Media Foundation Transforms (MFTs) operate similarly to that of the DMOs. MFTs primarily are used to implement decoders, encoders, mixers, and digital signal processors. Like DMOs, MFTs contain synchronous interfaces that can be used as stand-alone media processing components. Also similar to DMOs, the client fills the input data and the MFT writes new data into the output data.
However, neither DirectShow®, DirectX® Media Objects, nor Media Foundation Transforms provide a processing component that includes an asynchronous interface as well as the capability of being used as a stand-alone media processing component. Therefore, as multimedia systems and architectures evolve, there is a continuing need for systems and architectures that are flexible in terms of implementation and the various environments in which such systems and architectures can be employed.

SUMMARY

This summary is provided to introduce a selection of concepts in a simplified form that are further described below in the Detailed Description. This Summary is not intended to identify key features or essential features of the claimed subject matter, nor is it intended to be used as an aid in determining the scope of the claimed subject matter.
In view of the above, this disclosure describes various exemplary systems, computer program products, and application programming interfaces for generating or transforming media data to create asynchronous media foundation transforms. The disclosure describes implementing at least one interface to coordinate a flow of one or more media frames and receiving the one or more media frames at a pipeline object. Furthermore, the disclosure describes how the one or more interfaces make an input call and an output call.
The asynchronous media foundation transforms fill a need to use a simple media processing component as a stand-alone component or as part of a media pipeline. Furthermore, there is improved efficiency with independent obtaining of input frames and retrieval of output frames. Thus, control of inputs and outputs is improved and a user experience is enhanced.

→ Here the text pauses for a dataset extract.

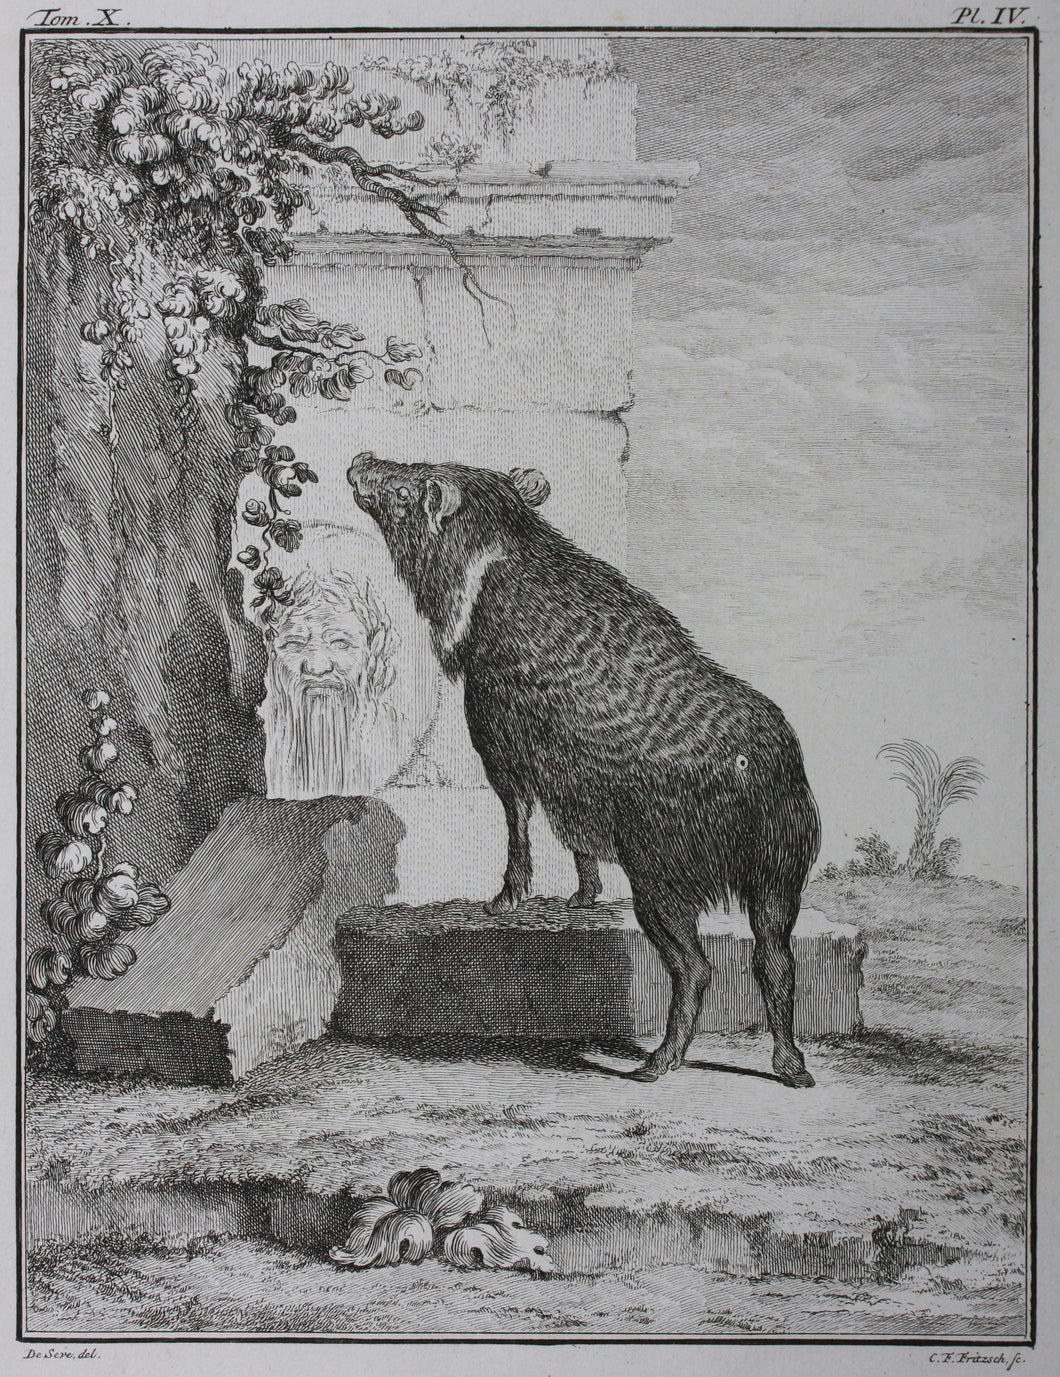 Jacques de Sève, after. Pecari in antique ruins. Engraved by C.F. Fritzsch. C. 1772.

BRIEF DESCRIPTION OF THE DRAWINGS

The detailed description is described with reference to the accompanying figures. In the figures, the left-most digit of a reference number identifies the figure in which the reference number first appears. The use of the same reference numbers in different figures indicates similar or identical items.

FIG. 1 illustrates a block diagram for an exemplary computing environment for asynchronous media transform.

FIG. 2 illustrates a block diagram of an exemplary media system.

FIG. 3 illustrates a flow chart within a media pipeline of the media system according to FIG. 2.

FIG. 4 illustrates a block diagram for an asynchronous media foundation transform of the media pipeline according to FIG. 3.

FIG. 5 illustrates a block diagram for an exemplary asynchronous media foundation transform.

FIG. 6 illustrates a process flow for obtaining and feeding input frames for an asynchronous media foundation transform according to FIG. 4

FIG. 7 illustrates atypical exemplary process flow for retrieving output frames from an asynchronous media foundation transform according to FIG. 4.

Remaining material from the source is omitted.